Once in a while, I hear a piece of music which I've experienced many, many times and catch a nuance I know I've never noticed before (despite a nearly audiographic memory). This phenomenon always brings me a smile. Most recently, "They Paved Paradise" by the Counting Crows, with these lyrics: "Hey farmer, farmer, put away your DDT
I don't care about spots on my apples,
LEAVE me the birds and the bees please . . ."

Transylvania Gentlemen said...

Yep, if I really work hard at flogging my perceptions, I can hear some of these songs as if for the first time, like "Satisfaction" by The Rolling Stones - which is the probably the quintessentially overplayed, overhyped, overexposed song in rock history. And yet, when the moon is just right, I can pull the wool over my own eyes and hear it as people must have heard it for the first time in the Summer of '65.... fuzztone guitar, plodding caveman beat, half-spoken-half-sung lyrics that are more beatnik poetry than rock and roll.
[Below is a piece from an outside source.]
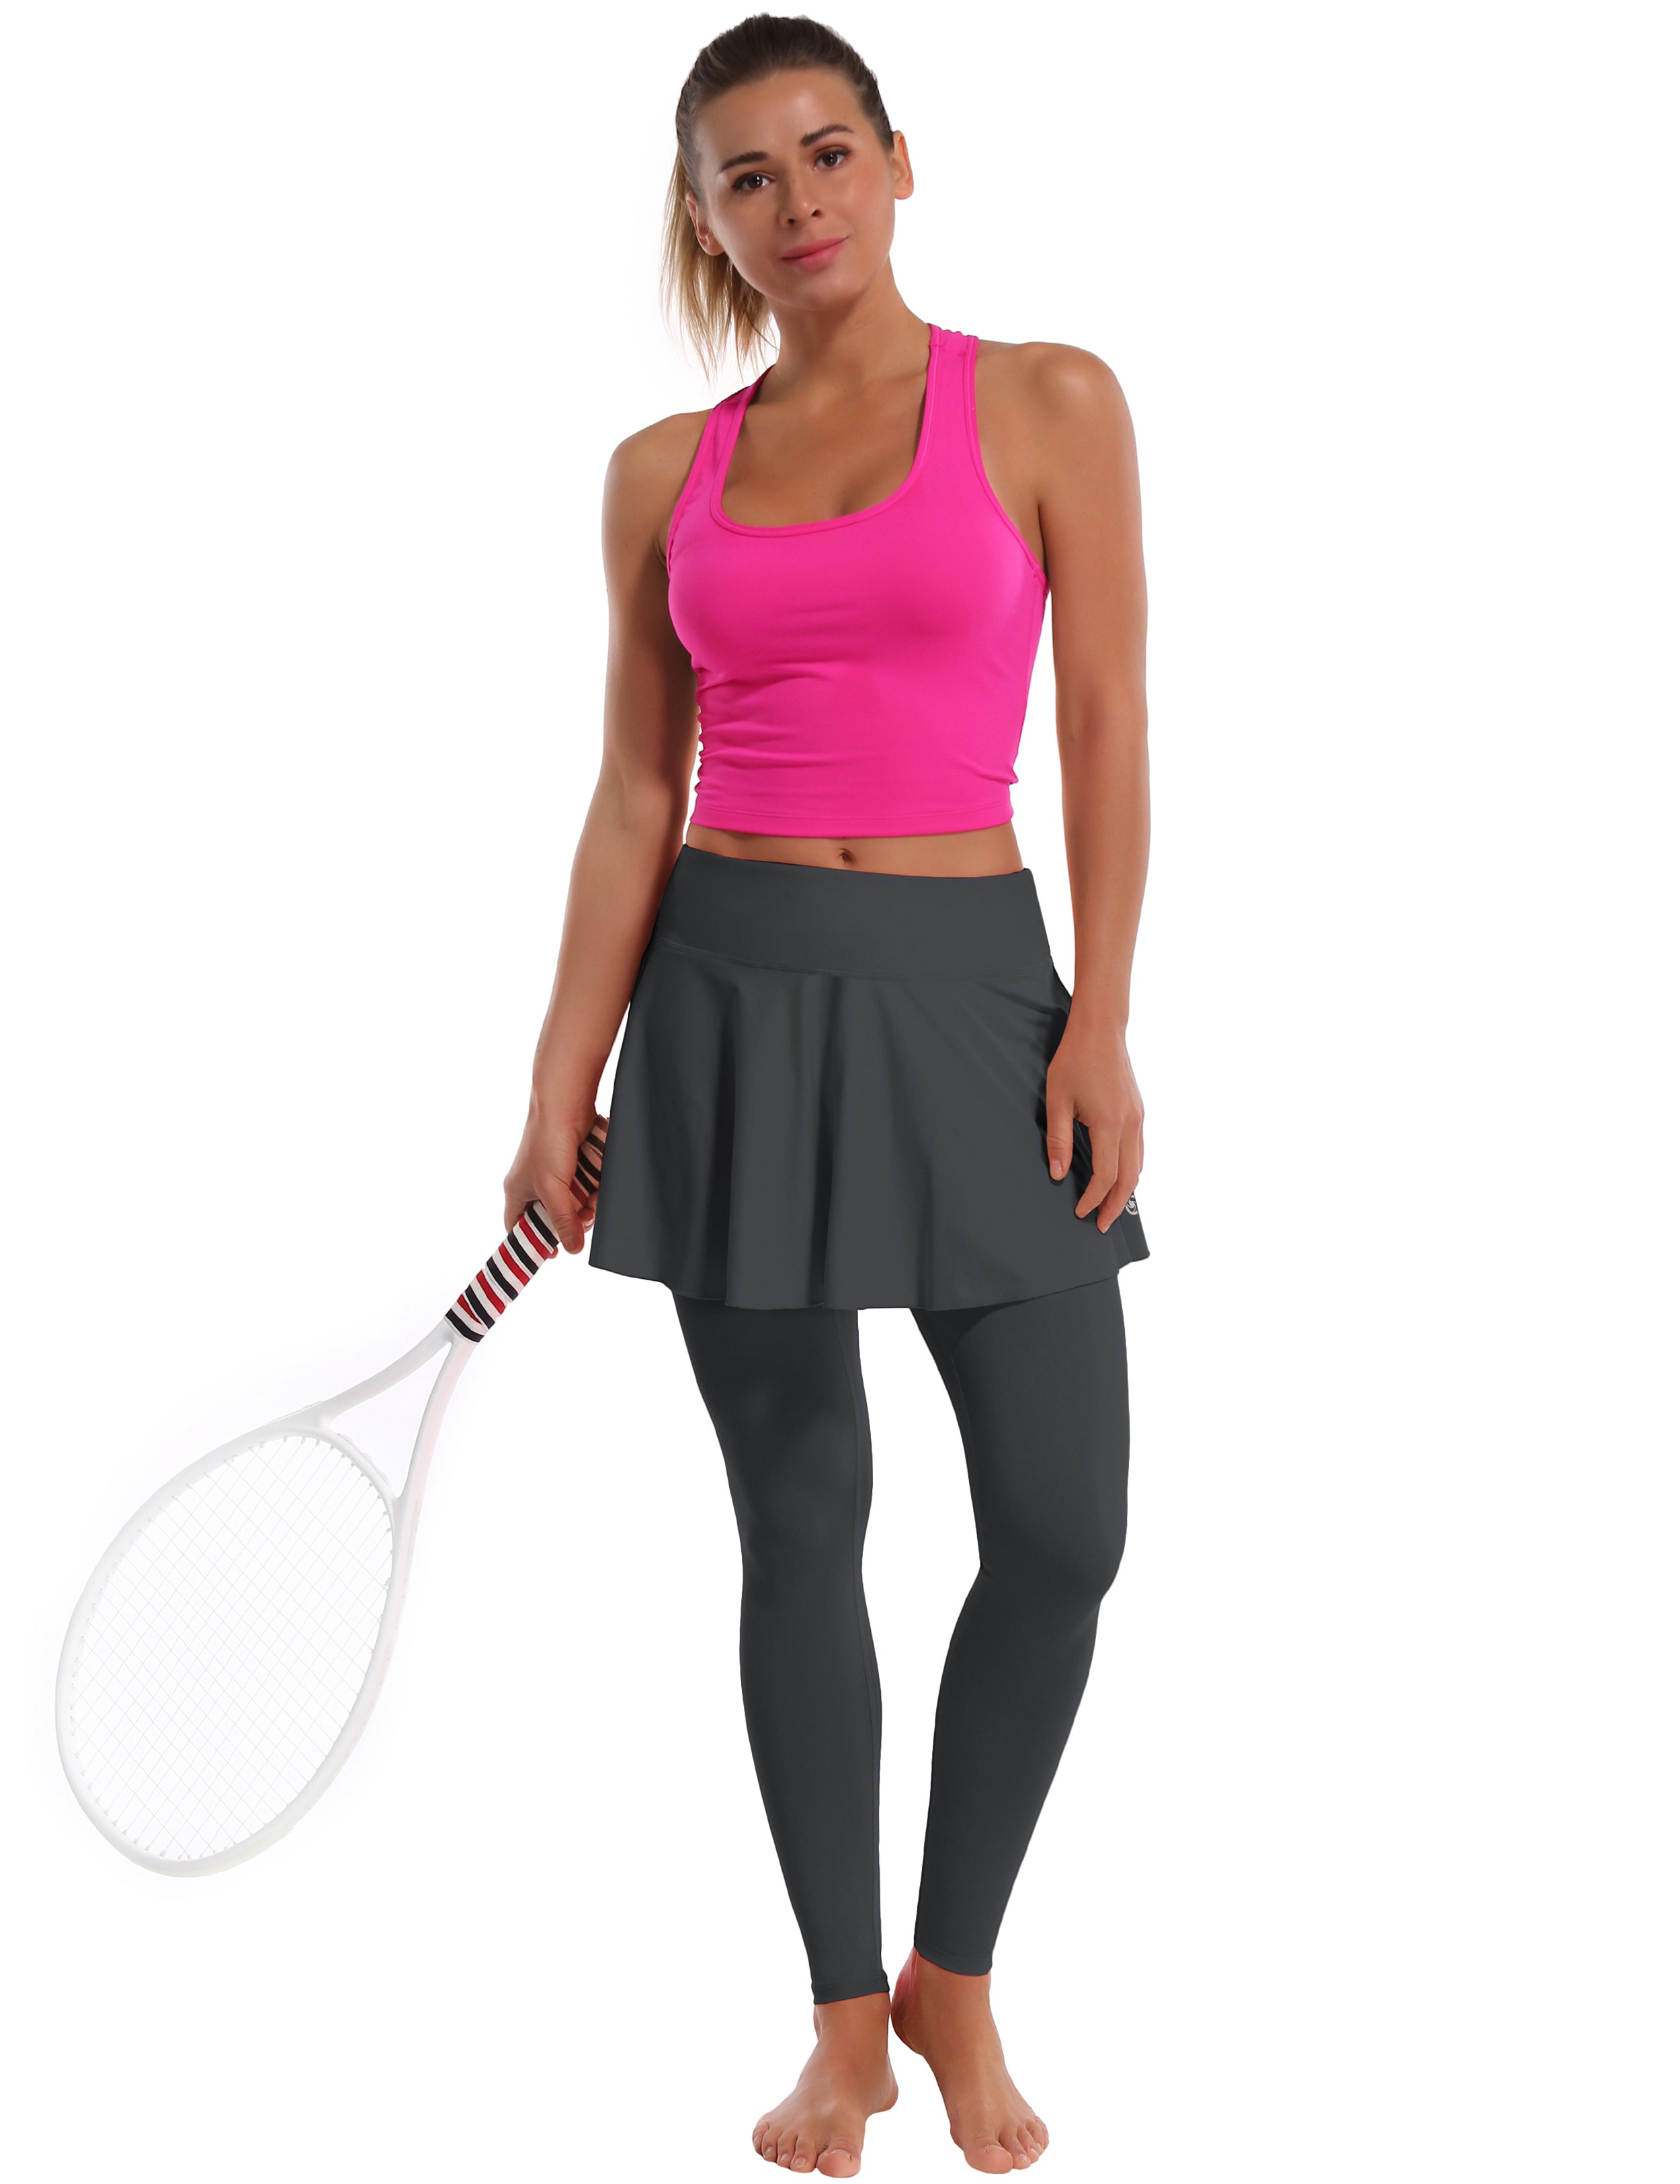 Athletic Tennis Golf Skort with Pocket Shorts shadowcharcoal 80%Nylon/20%Spandex UPF 50+ sun protection Elastic closure Lightweight, Wrinkle Moisture wicking Quick drying Secure & comfortable two layer Hidden pocket

These little oldies-station satoris are few and far between, however.

(And just to demonstrate that I'm not really a Zep-hater: "Thank You" is actually still, to this day, one of my Top 100 favorite songs of all time.)

- JSH

florin said...

i just wish stations would play something different. all those groups have so many more songs besides what you hear on the radio. i miss album rock stations of the 70's.

Transylvania Gentlemen said...

I hear ya. If we must still be listening to same music today that we did in elementary school, at least let's hear some of the more obscure tracks.

"Get Down Make Love", not "We Are the Champions."

"No Quarter", not "Stairway to Heaven."

"Factory", not "Born in the USA."

"Bike", not "Another Brick in the Wall pt.2".

"Persecution Smith", not "Against the Wind".

"Scandinavian Skies", not "Just the Way You Are."